The custom of that culture in that day was that Ingram could only tutor other women. Her first student was a Chinese woman her age who was marrying a well-to-do Chinese young man who spoke English. The desire of the Chinese woman’s family (and the prospective husband) was that Ingram could help her with her English as a complement to her future husband in his career in government service. You see, she was of a lower class than he was, and Ingram had been engaged to help her, in effect, “catch up” with her husband’s privileged, private education as much as she could.

The American and Chinese women soon formed a fast friendship. Having by nature a shy personality, the Chinese woman embraced the opportunity to have a female friend with whom she could talk about topics that would be considered out of bounds with her soon-to-be husband. Ingram also felt a kinship with the woman, and the pair got on famously. Ingram soon found her pupil was quite intelligent; the Chinese woman took to her English lessons easily and gladly (she especially enjoyed the lessons the two shared on American culture and society). And, not having many friends in China, when it came time for the wedding, Ingram found herself invited to the ceremony. She considered it a great honor as she was the only woman there who wasn’t Chinese.

In her diary, Ingram recorded the beautiful, full-length yellow wedding gown made from expensive satin that was worn by her pupil turned friend. And the tutoring continued after the marriage began. The two women secretly engaged in a competition unknown to the Chinese woman’s husband; they worked on the wife’s vocabulary, planting new words in English that the husband might not know so that he could be impressed with his new bride’s burgeoning English prowess.

In addition, the pair of women from such divergent backgrounds became even closer as friends. They swapped clothing–Ingram being about the same size as the Chinese woman–and they even together chose an English name that the woman could use: Elizabeth. On occasion, the two chums would dress alike and try as closely as possible to speak like the other one.

But, sadly, as happens in many lives, events conspire to drive good friends apart. The pair of friends would lose touch over the years, and, once Ingram stopped being the woman’s tutor, the two never saw each other again.

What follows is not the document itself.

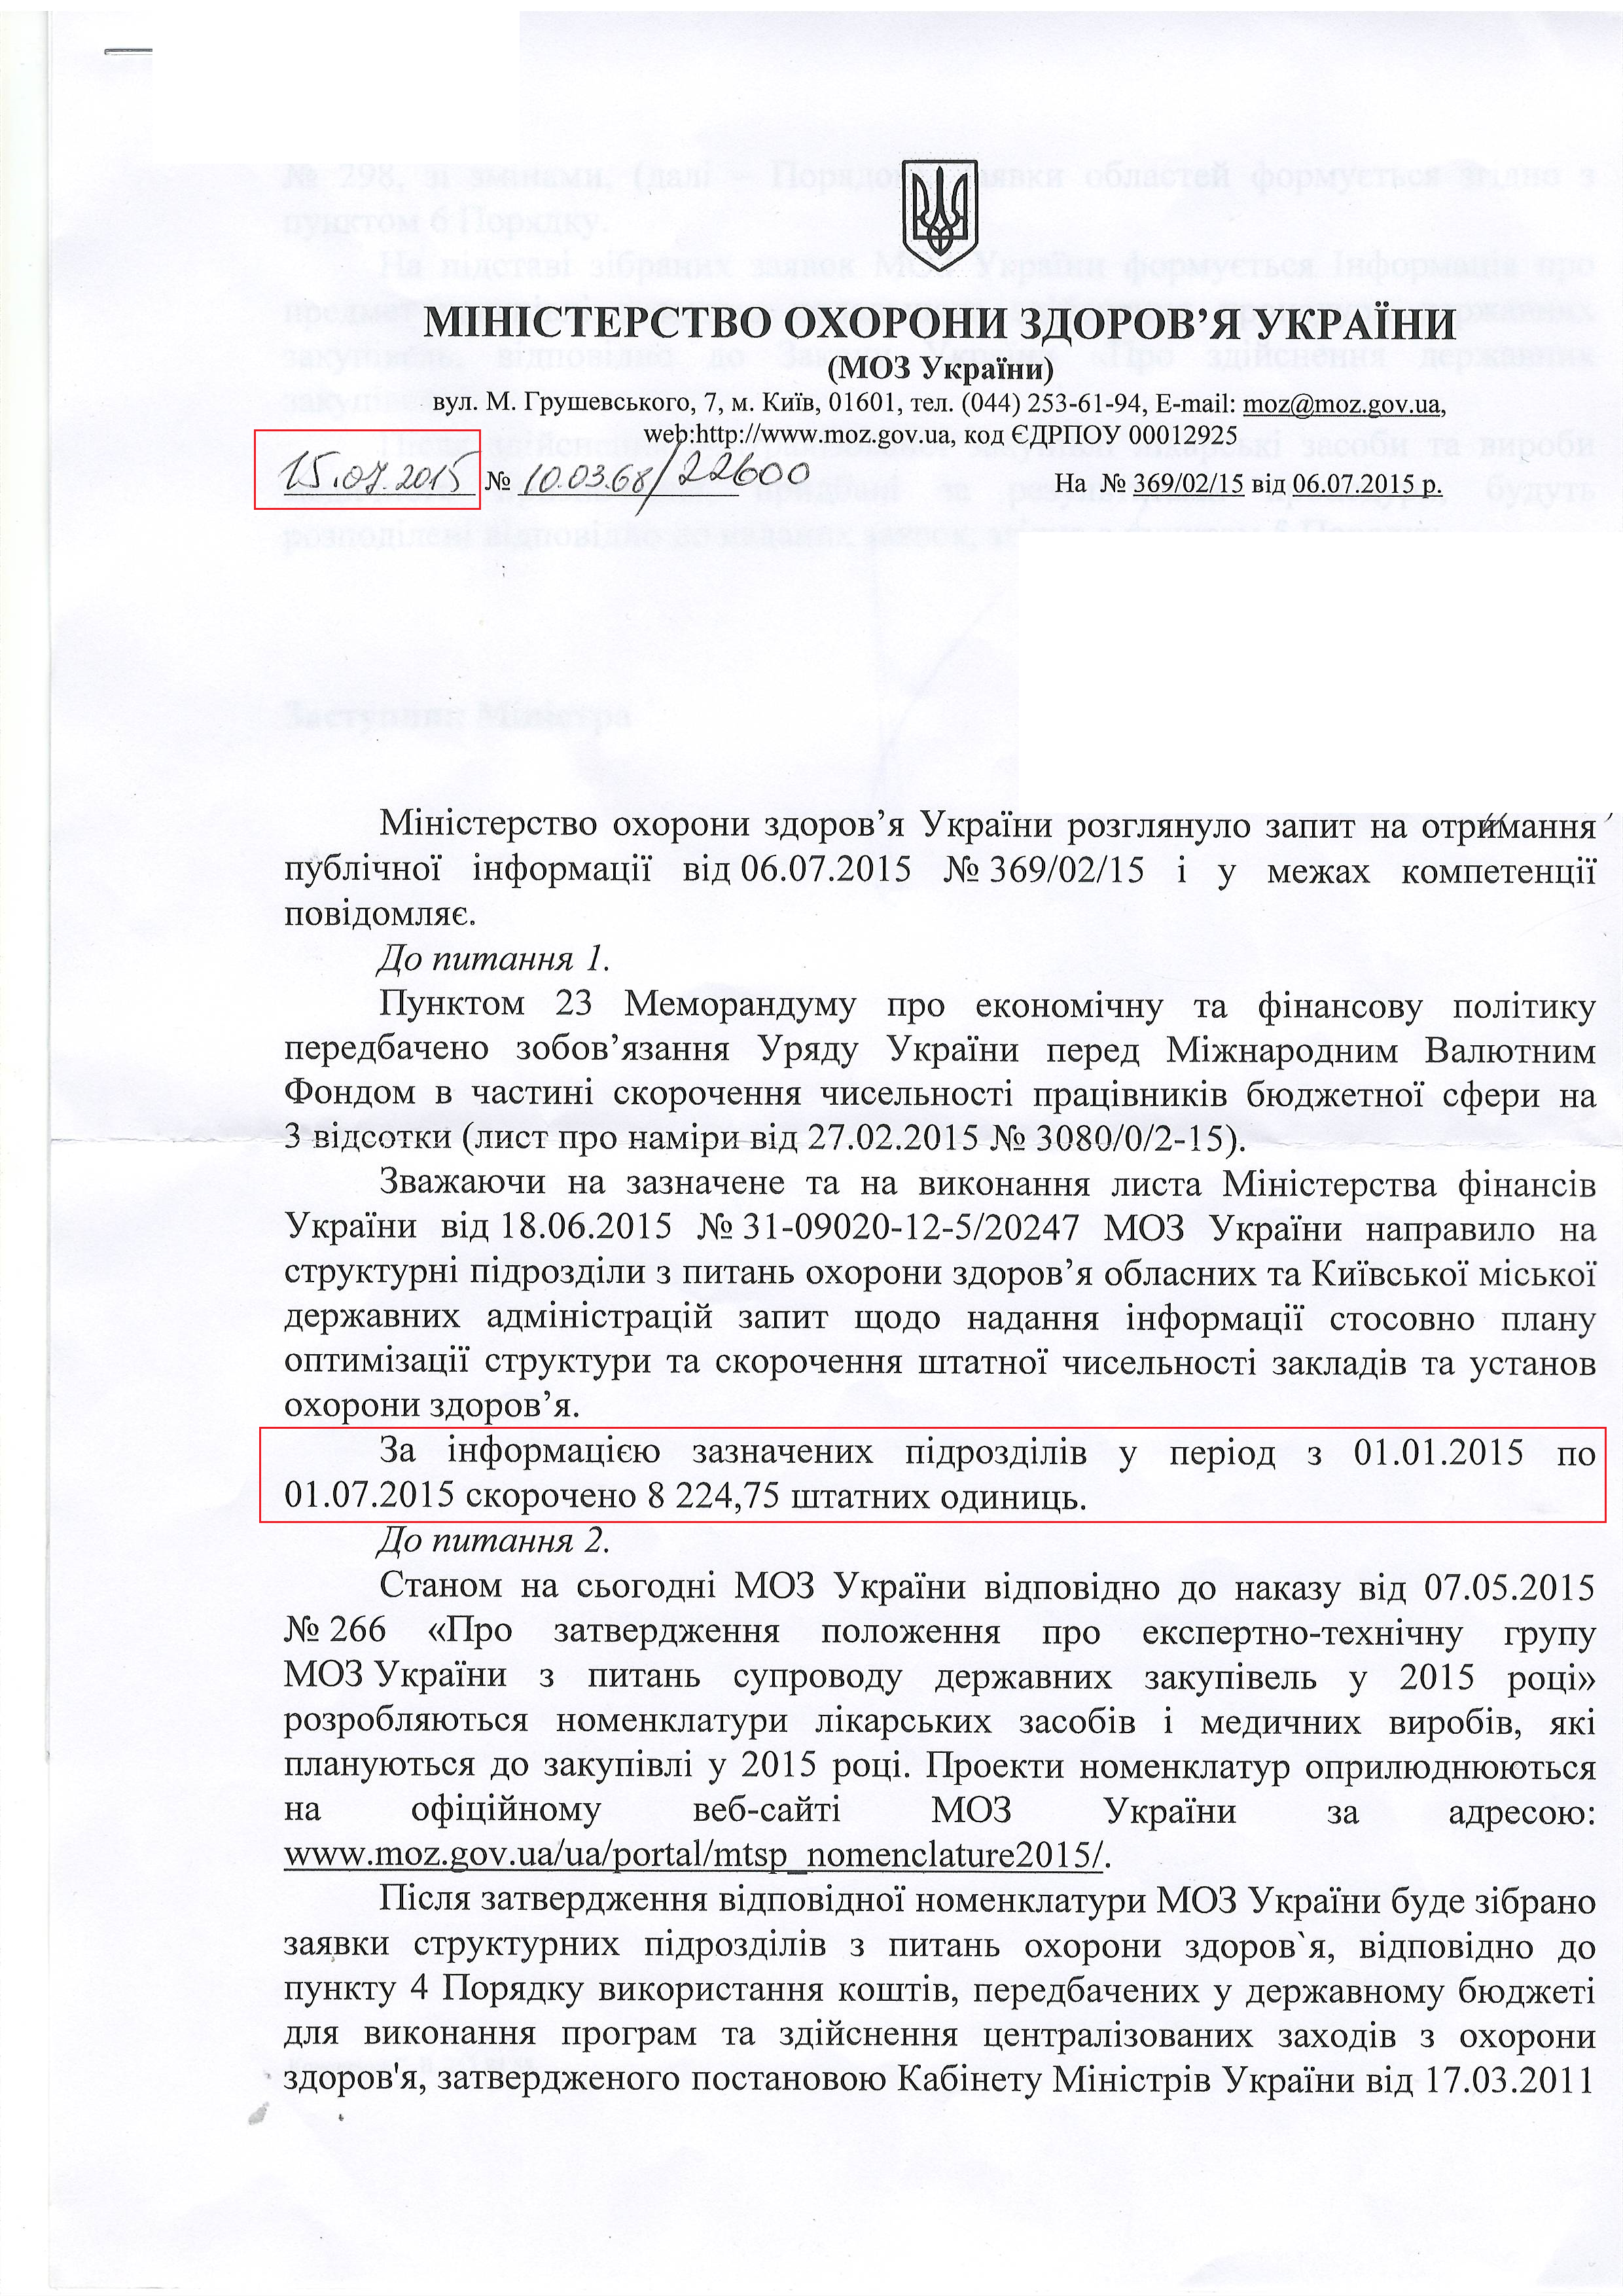 Лист міністерства охорони здоров'я України від 15 липня 2015 року

As you know, the Japanese invaded China in the 1930s, and the war brought disaster after disaster to China, ending with the capture of the country by the Chinese Communists under Mao Zedong. The woman, as best as can be known, was put in a communist prison camp where it seems she died about 1946.

By the mid-1930’s, Isabel Ingram had married an American serviceman and returned to live in the United States, in Maryland. Before she passed away in 1988, she decided to write a book about growing up in China, of her experiences in that nation in the 1920s, and about her wonderful friendship with the pupil she tutored.

Oh, by the way, the name of the Chinese woman Ingram tutored and befriended, in English, is Wanrong. She’s known today as the Empress of China, the wife of the last Emperor of China, Puyi.